When $d=\phi(19)=18$, Fermat's Little Theorem applies, where $a^{p-1} \equiv 1 \pmod p$ for prime $p$ and $\gcd(a,1)=1$.

Exercise (6.4).2

Solve the following congruences:

(a) $ x^3 \equiv 1 \pmod 7 $

(b) $ x^4 \equiv 1 \pmod {13} $

(c) $ x^{11} \equiv 1 \pmod {23} $

We will use Proposition (6.19), a specialisation of Proposition (6.17) to prime modulo.

Let $p$ be prime and $d \mid (p-1)$. The congruence $x^d \equiv 1 \pmod p$ has exactly $d$ incongruent solutions.

(a) Using Proposition (6.19), we have $3 \mid 6$ and so the congruence $x^3 \equiv 1 \pmod 7$ has 3 incongruent solutions. 

We know from Exercise (6.4).1 that 3 is a primitive root of 7. We will use a table of indices of root 3.

ind_3 (a)	a = 3^ind_r(a) mod 7
1	3
2	2
3	6
4	4
5	5
6	1
7	3
8	2
9	6
10	4

Applying Propositions (6.15) and (6.16) to $x^3 \equiv 1 \pmod 7$ gives

$$ 3 \times \text{ind}_3(x) \equiv 0 \pmod 6 $$

Simplifying

$$ \text{ind}_3(x) \equiv 0 \pmod 2 $$

This gives us $\text{ind}_3(x) \equiv 2, 4, 6$ as solutions. 

The table of indices gives us the 3 incongruent solutions $x \equiv 1, 2, 4 \pmod 7$.

(b) Using Proposition (6.19), we have $4 \mid 12$ and so the congruence $x^4 \equiv 1 \pmod {13}$ has $4$ incongruent solutions. 

We know from Example 6.19 that 2 is a primitive root of 13. We will use a table of indices of root 2.

ind_2 (a)	a = 2^ind_r(a) mod 13
1	2
2	4
3	8
4	3
5	6
6	12
7	11
8	9
9	5
10	10
11	7
12	1

Applying Propositions (6.15) and (6.16) to $x^4 \equiv 1 \pmod {13}$ gives

$$ 4 \times \text{ind}_2(x) \equiv 0 \pmod {12} $$

Simplifying

$$ \text{ind}_2(x) \equiv 0 \pmod 3 $$

This gives us $\text{ind}_2(x) \equiv 3, 6, 9, 12$ as solutions. 

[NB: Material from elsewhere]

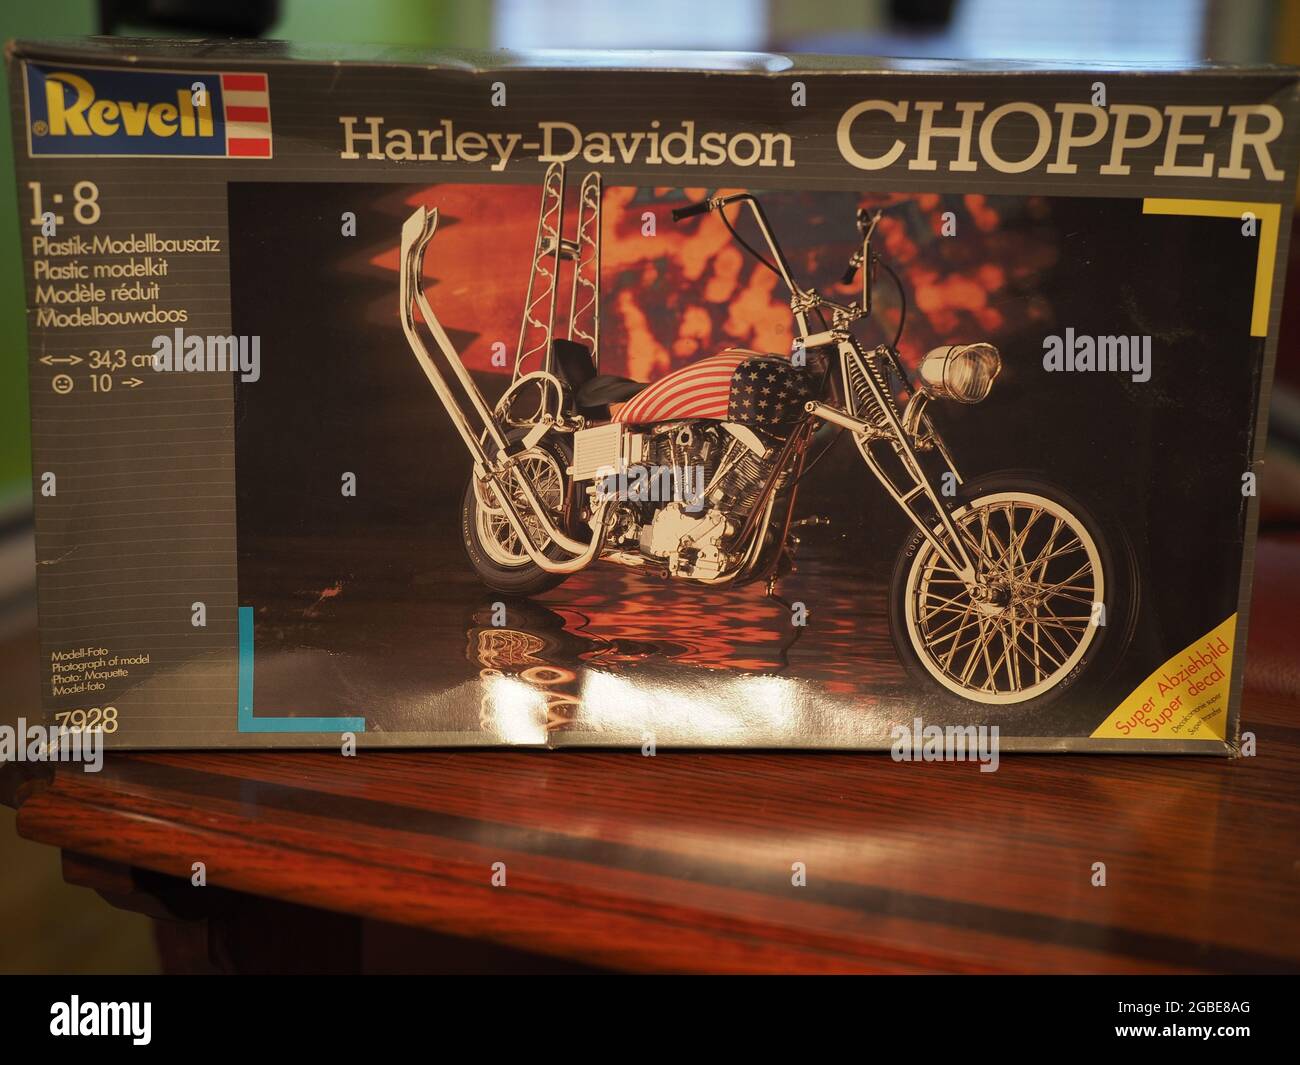 Harley-Davidson box by Revell, scale model 1/8 Stock Photo - Alamy
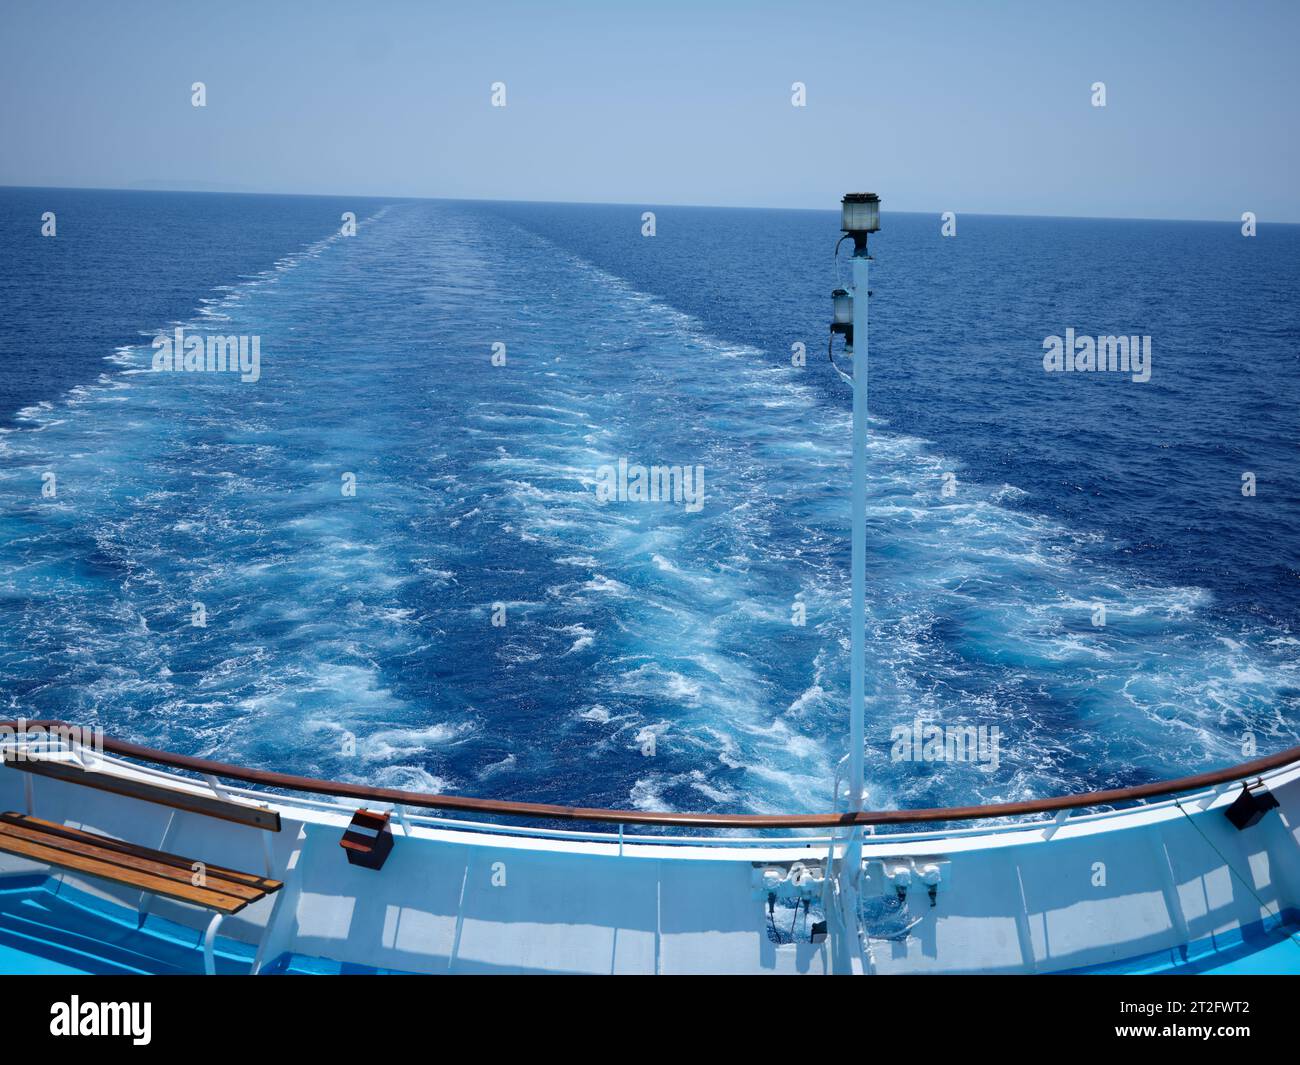 Wake of a ship. Stock Photo

The table of indices gives us the 4 incongruent solutions $x \equiv 1, 5, 8, 12 \pmod 13$.

(c) Using Proposition (6.19), we have $11 \mid2$ and so the congruence $x^11 \equiv 1 \pmod 7$ has 11 incongruent solutions. 

We know from Exercise (6.4).1 that 5 is a primitive root of 7. We will use a table of indices of root 5.

ind_5 (a)	a = 5^ind_r(a) mod 23
1	5
2	2
3	10
4	4
5	20
6	8
7	17
8	16
9	11
10	9
11	22
12	18
13	21
14	13
15	19
16	3
17	15
18	6
19	7
20	12
21	14
22	1

Applying Propositions (6.15) and (6.16) to $x^{11} \equiv 1 \pmod {23}$ gives

$$11 \times \text{ind}_5(x) \equiv 0 \pmod {22} $$

Simplifying

$$ \text{ind}_5(x) \equiv 0 \pmod {2} $$

This gives us $\text{ind}_5(x) \equiv 2, 4, 6, 8, 10, 12, 14, 16, 18, 20, 22$ as solutions. 

The table of indices gives us the11 incongruent solutions $x \equiv 1, 2, 3, 4, 6, 8, 9, 12, 13, 16, 18 \pmod {23}$.